Un très court répit pour les salariés de la Ligue de l'Enseignement 31

Le plan social a été validé et la période d'observation de l'association qui gère 24 centres de loisirs pour le compte de la ville de Toulouse a été prorogée jusqu'au 30 avril. 

Le 21 mars dernier, la Dirrecte avait rejeté le plan social de la direction de la ligue de l'enseignement 31. Celle-ci avait alors 3 jours pour convoquer un nouveau comité d'entreprise. Il s'est tenu le 24 mars et elle a présenté un nouveau plan. Il prévoit le même nombre de licenciements (37), reporte le transfert de ses activités au 30 avril prochain et augmente les mesures d'accompagnement des salariés licenciés.

"Sur le fonds, il n'y a pas grand chose de différent", selon Franck Jenny, délégué syndical CGT qui précise que le CE a rendu un avis négatif. "Depuis, nous étions suspendus à la décision de la Dirrecte qui avait 3 jours pour l'homologuer ou non". C'est chose faite ce mardi soir. L'inspection du travail à validé ce nouveau plan social. Les salariés ont décidé de contester cette homologation devant le Tribunal administratif.

Ils espèrent aussi beaucoup de la table ronde en Prefecture qu'ils réclament depuis des semaines. L'administrateur judiciaire et la direction de la ligue y ont enfin répondu favorablement. Elle devrait se tenir dans les prochains jours.

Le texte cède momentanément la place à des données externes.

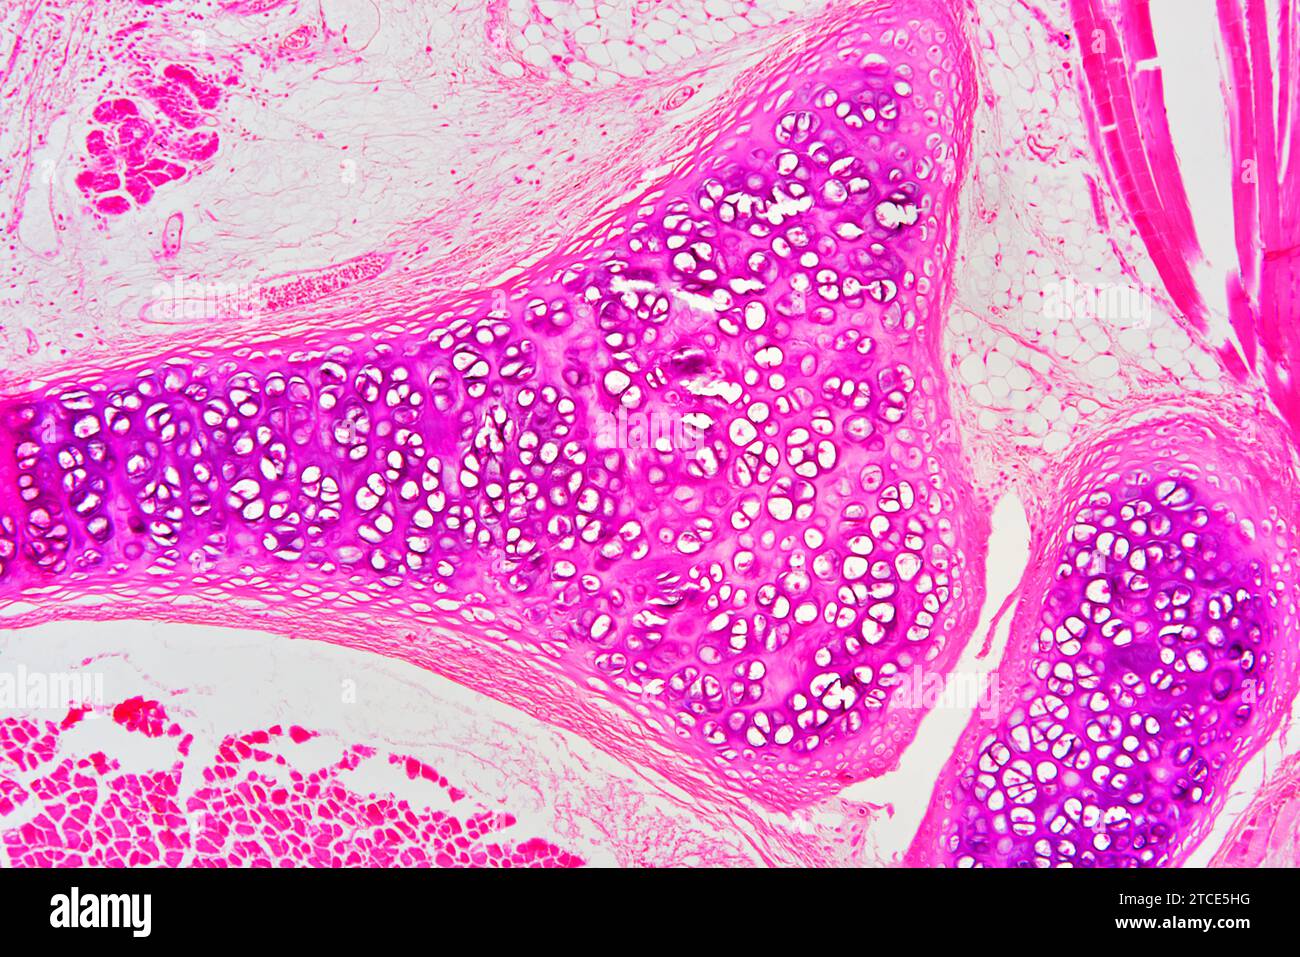 Cartilage hyaliné de la trachée montrant des chondrocytes, des fibres de collagène et une matrice. Microscope optique X100. Banque D'Images
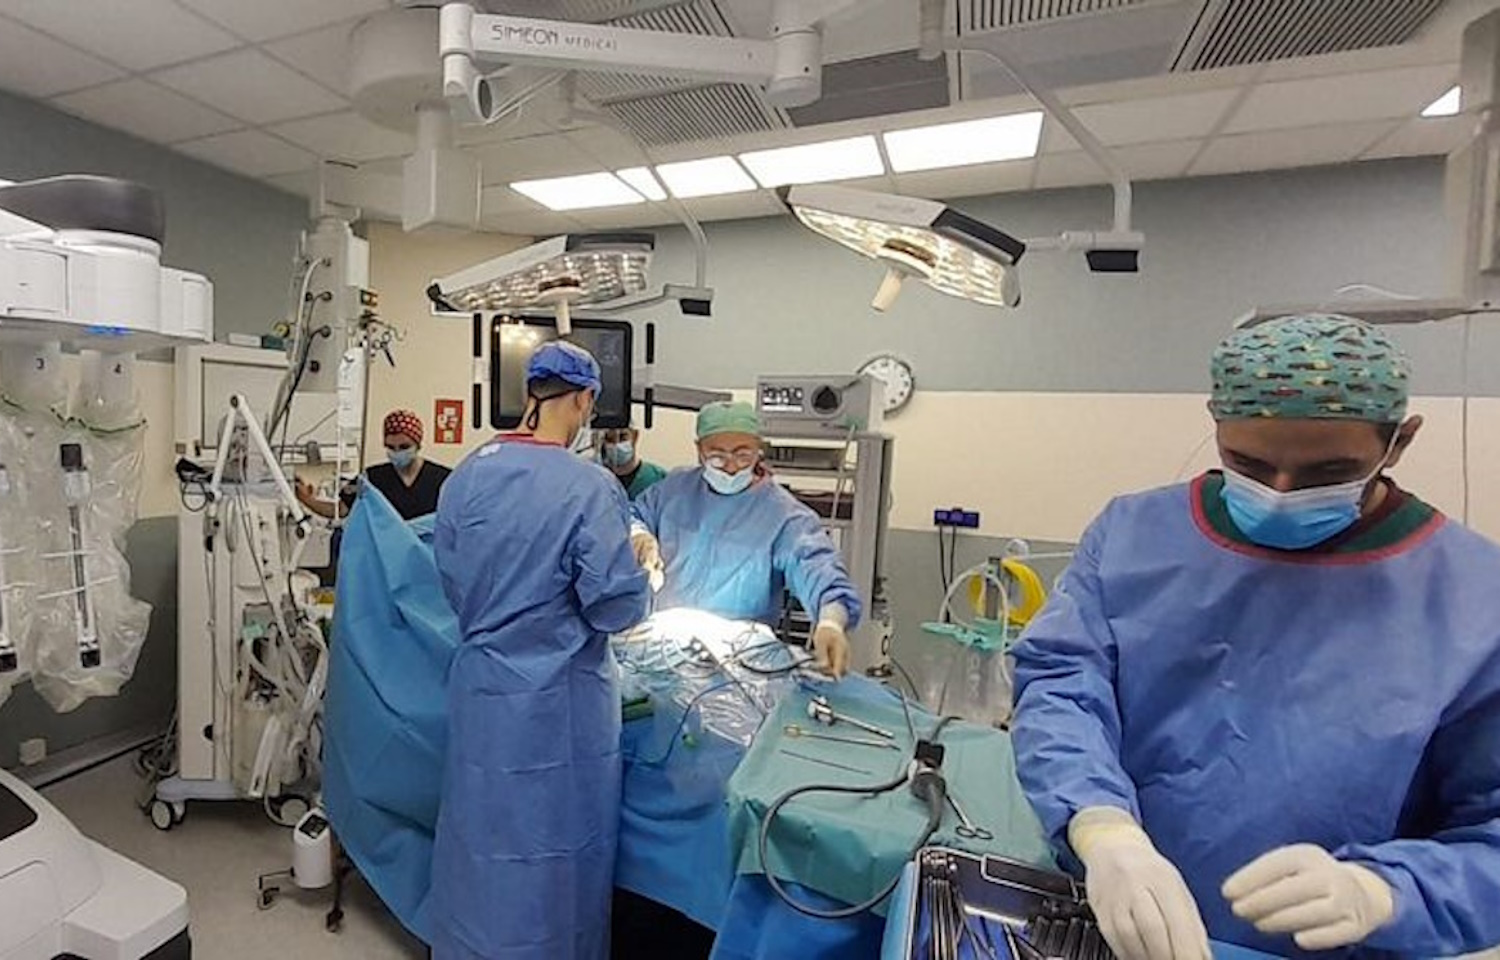 251 ΓΝΑ: Το Da Vinci Xi εγκαταστάθηκε και πραγματοποίησε την πρώτη του ρομποτική χειρουργική επέμβαση

La Ligue de l'enseignement Haute-Garonne, en proie à de graves difficultés financières, prévoit de se séparer de son activité péri-scolaire, notamment des 24 centres de loisirs attachés à une école (CLAE) ou acceuils de loisirs (ADL) qu'elle gère pour le compte de la ville de Toulouse.

La ville estime qu'il n'y aura pas de rupture du service public et qu'un repreneur assurera l'acceuil des enfants. Mais les 250 animateurs concernés n'ont toujours pas la garantie d'être repris par le nouvel exploitant.